数か月前には色鮮やかだった芝も、今は褪せて、秋の到来を知らせていた。それでも日向にいれば、ぽかぽかと暖かい陽気である。
「自分で気付かないようでは、FAまでは昇れん」
北斗が小さな声で呟いた。
「――俺に教えようなどという人間は、誰もいなかったがな」
それは悲しそうな、しかし哀れむような表情だった。
明人は知っている。彼女は悲しみこそすれ、自らを嘲ったりするような人物ではない。ましてや哀れむなどと。そもそもレーシングドライバーなどという人種はみな自信の塊のような人間ばかりであり、自分に絶対の自信を持っているものだ。普段の言動を思えばこそ、彼女はその典型であった。
すると彼女が悲しみ、哀れむのは、他人だということか。しかしそれはまた、多くの関係者よりは彼女のことを知っている明人ですら、俄かには信じがたいことであった。
「………聞いてもいいかな」
明人がぽつりと言った。北斗はそれに答えるでもなく、いまだコース上を眺めている。
「君は以前、僕が君のお父さんのことをどう思っているか、尋ねたよね。だから……もし良かったら、僕も聞きたい。君自身は、彼のことをどう思っているんだい」
北斗とその父親、北辰の関係を、明人はほとんど知らない。数あるモーター誌は当然、鮮烈なデビューを果たした彼女の人間関係も、不躾なまでに調べ上げて載せていた。しかし明人は、それを読もうとは思わなかった。
彼女が父親のことを好いていないのであろうことは、ふだんの言動からも明らかだった。それに、ホシノ・エレクトロンからの帰途で彼女が口にした、「決着をつけねばならない」との言葉。彼女の様子から察するに、その決着はまだついていないのだろう。昨晩の夕食で見せた儚い笑みが、明人にそれを悟らせた。
少なくとも彼女らは、自分と母親のような関係ではないのだ。明人はそう思った。
「それを聞いてどうする」
北斗がさして感情も篭らぬ口調で、聞き返した。だが、たった一言のそれに二の句が告げなかったのは、明人である。
たしかに、それを知ったところで明人にできることはない。たとえ彼女ら親子の関係が明人の想像通りだったとしても、それはやはり明人の口出しするところではなかったのだから。
「それは……」
明人がどもると、北斗はそれ見ろと言わんばかりに「フン」と鼻を鳴らした。それはまるでお前には関係の無いことだと言われているようで、明人は知らず顔を顰めた。だが、またすぐに驚くことになったのである。
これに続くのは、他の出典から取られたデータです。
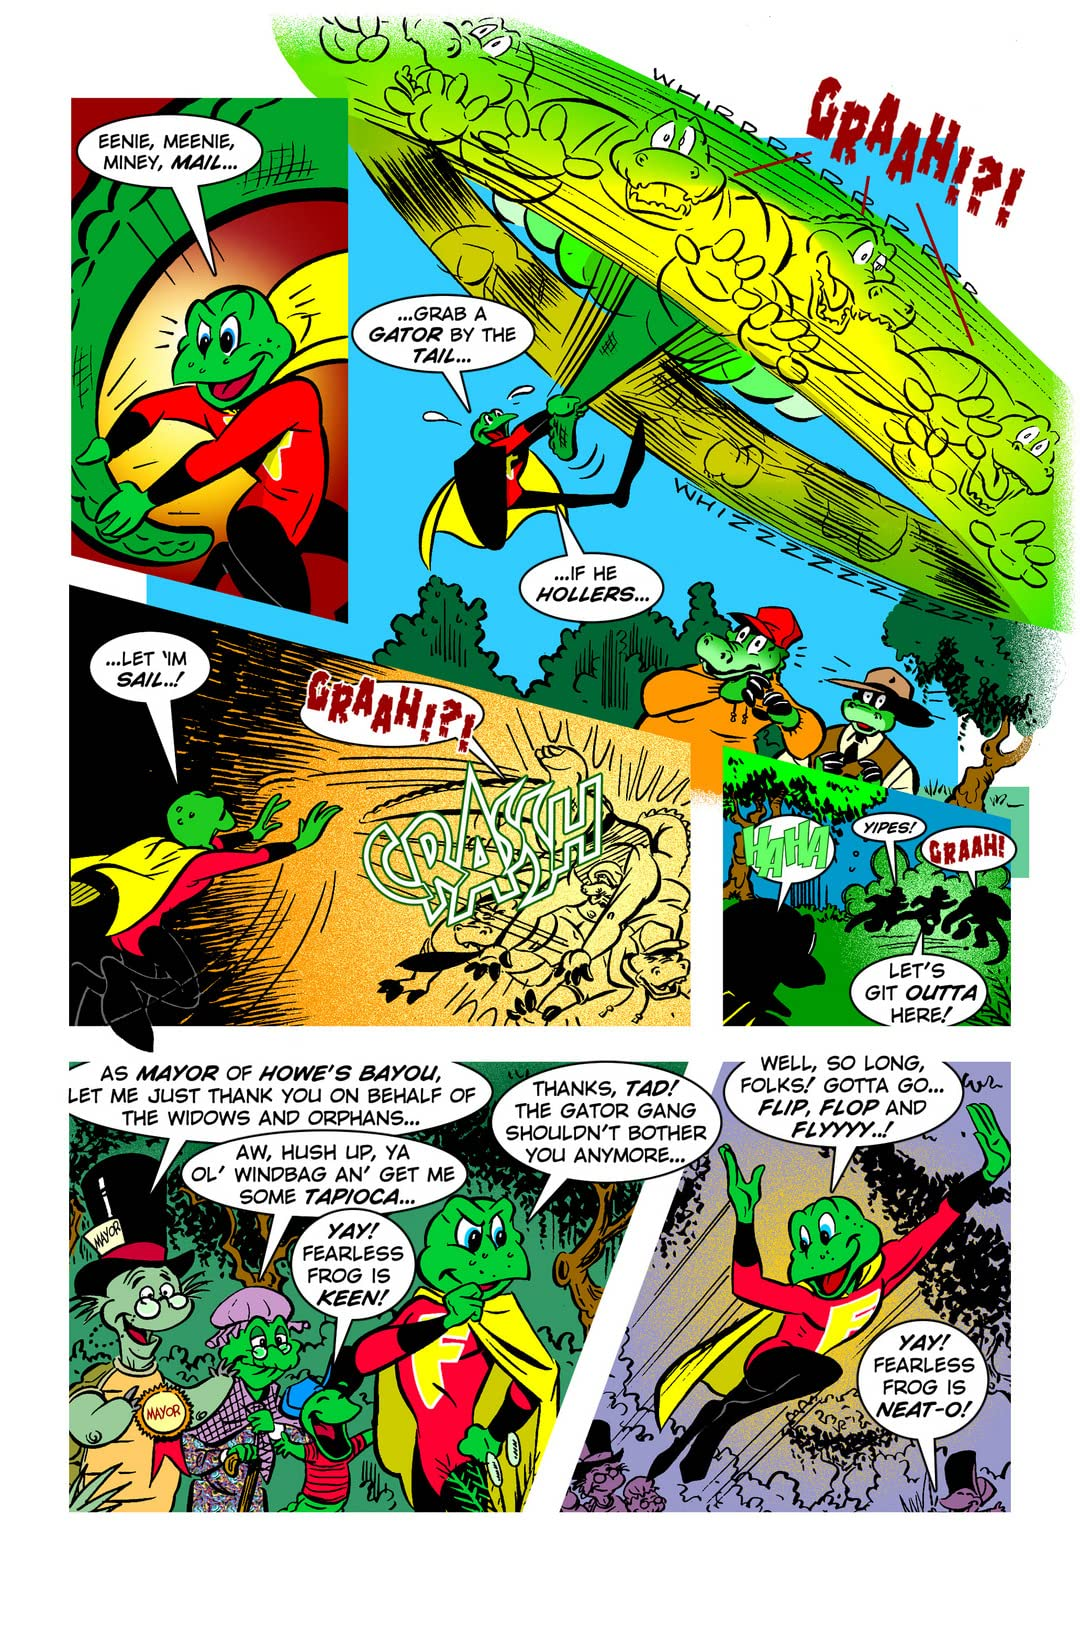 Holy Cow Comics #3

「たしかに、明人、お前にも聞く権利があるかも知れんな。始まりがいつだったのか俺には見当もつかんが――あの男が変わった原因は、お前たち親子なのだからな」
そう言ってぎらりと光る目を向けた北斗に、明人はぎょっとした。
揶揄だの批評だの、そんなものはFAドライバーとなった時に覚悟していたし、その多くを明人は信じていなかった。言われなくても明人は冷静に自分を分析していたから、雑誌の記事やファンの野次に驚く事はなかったのだ。
ところが目の前のとび色の瞳は、そのどちらでもない。明人にとって思いもよらない言葉を、その唇から発したのである。
「どういう……ことだい」
かろうじて聞き返した明人は、心臓が気味悪いくらいに高鳴っているのを感じた。それはもちろん、期待に満ちたものではない。得体の知れない不安に、そうなっているのだった。
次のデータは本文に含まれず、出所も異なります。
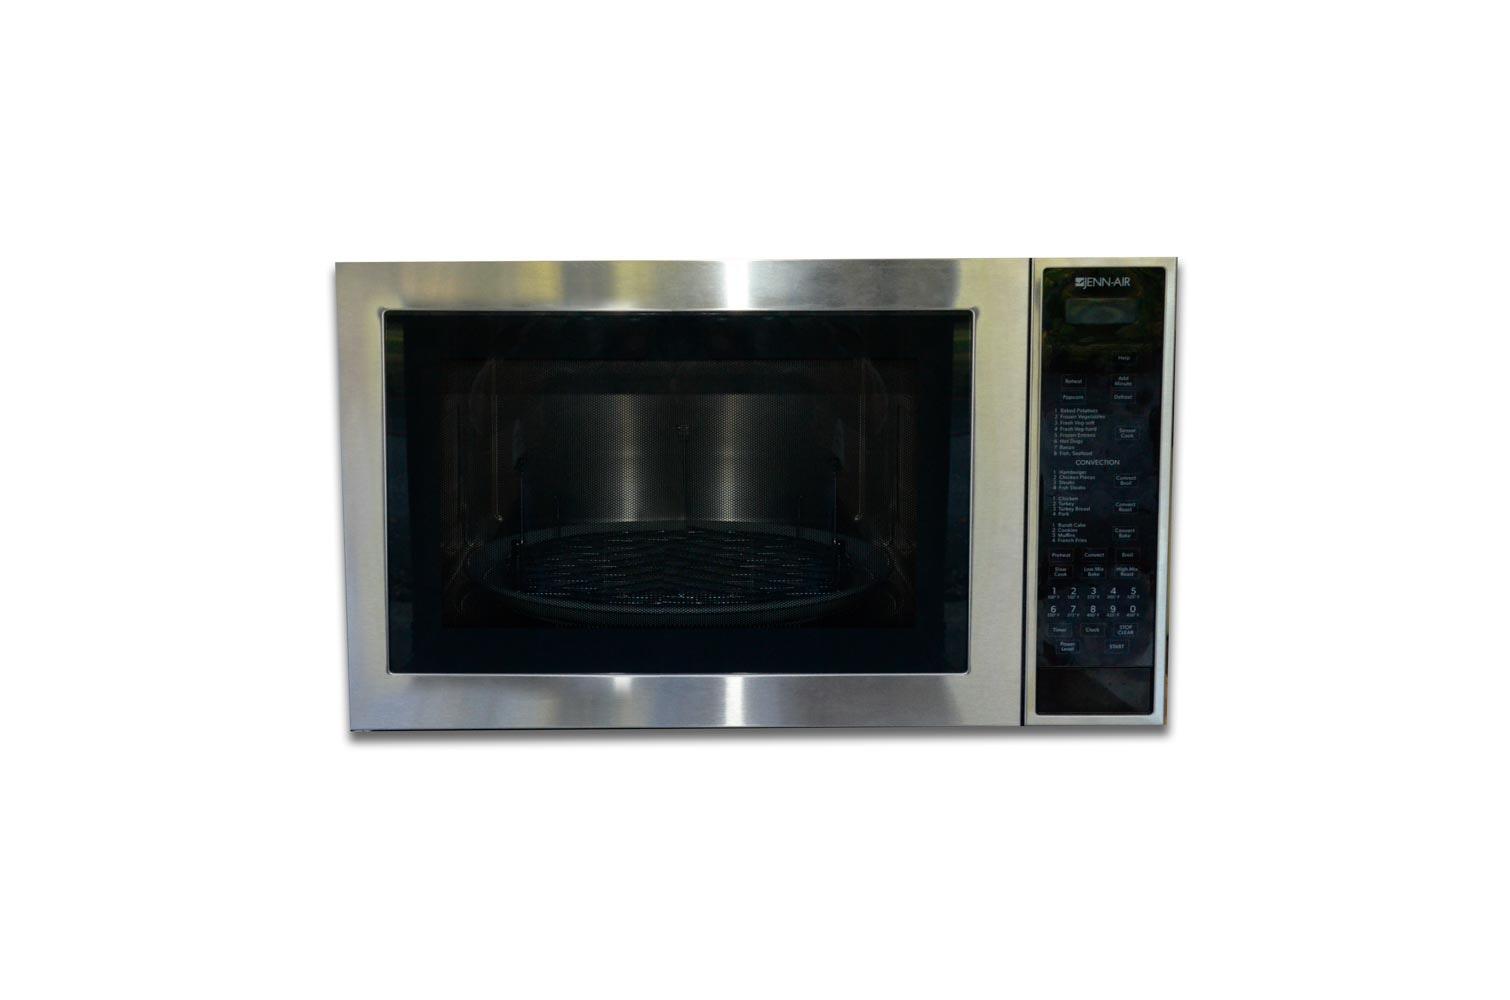 Jenn-Air Convection Microwave Oven

それが表情に出たのだろう。北斗はじっと明人を見つめたあと、不意に肩の力を抜いたようにコースへと視線を戻した。
「そんな顔をするな。何もお前たち親子が悪いと言っているのではない。悪いのは――あの男だ」
彼女はそう言ったが、明人の胸に渦巻くもやは取れなかった。
いったい何故なのか、たとえ自分や父親にその暗い感情が向けられていないことがわかっても、その原点が彼女である限り、明人は安堵することができなかった。
「……君も彼が悪いと? たった一人の父親なのに」
明人が言うと、北斗の表情は一気に険しくなった。
「その通りだ。誰がなんと言おうと、あれは俺の父親なのだ。残念なことにな」
「そんなに彼が嫌いなのかい? まるで君は、父親を憎んでいるようだ」
「そうかも知れんな。明人、お前があの男にどんな偶像を抱いているか知らんが、俺にとって奴はただの負け犬だ。生きることに負けた、廃人だよ」
そんな、と言いかけて明人は口をつぐんだ。憎々しげにそう吐き捨てた北斗の横顔が、どう見てもその言葉どおりではなかったからだ。それに、彼女の言った意味もわからない。
「彼は今、どうしているんだい。その……交通事故に遭われたという話は、聞いているけど」
あつかましい質問だとは思ったが、明人は尋ねた。すると北斗は、ちらりと明人を一瞥して、打って変わって小さな声で話し始めたのである。
「……車椅子の生活になって変わったと世間は言うが、そうではない。奴の人生は、あの事故を境に変わった」
それを言った北斗の顔は、明人がこれまでに見たことがないほど、苦渋に満ちていた。
コースを走っているのがFAだったら、そのすぐ脇にいる北斗は明人の耳元で怒鳴らなければ、言葉は伝わらなかったろう。しかしFAの10分の1にも満たない小さなエンジンの音は、極限のそれに慣らされている二人にとってはのどかなビージーエムである。
木漏れ日が、北斗の赤い髪をきらきらと照らした。
「元々、酒はあまり飲まなかったのだろう。俺も七、八歳の頃のことだからよく覚えてはいないがな。だから俺自身も気付かなかった。正直に言おうか。酒に酔うと、奴はいつも不気味だったよ。泥酔こそしないが、正気ではなくなった」
北斗にまるで男のように振舞うことを強要したのも、基本的に男社会の感を拭えないFAの世界を見据えてのことであったという。明人はまさかと思ったが、北斗の蔑んだような冷たい眼差しに何も言えなくなった。
「車椅子になって途絶えた自分の夢を俺に託すほど、奴は父親ではなかった。まぁ、いじめのようなものだろうな。俺は当時すでにカートを始めていたし、奴も根本的に意地の悪い性格だ。幼い俺が、見よう見まねでFAを目指すのが鬱陶しかったのだろう」
「……………………」
淡々と話す北斗を、明人は見つめるばかりである。彼女が自分の過去を話してくれたのは嬉しいとも思ったが、それにも増して彼女の口から語られるのは、想像もしていなかった事実だったのだ。
「だがな、明人」
何を思って北斗は、そう言ったのだろうか。彼女の表情は、明人がいまだ見たことのないものだった。明人に許しを請うかのような、普段の彼女からは想像もつかない弱さが、そこにはあった。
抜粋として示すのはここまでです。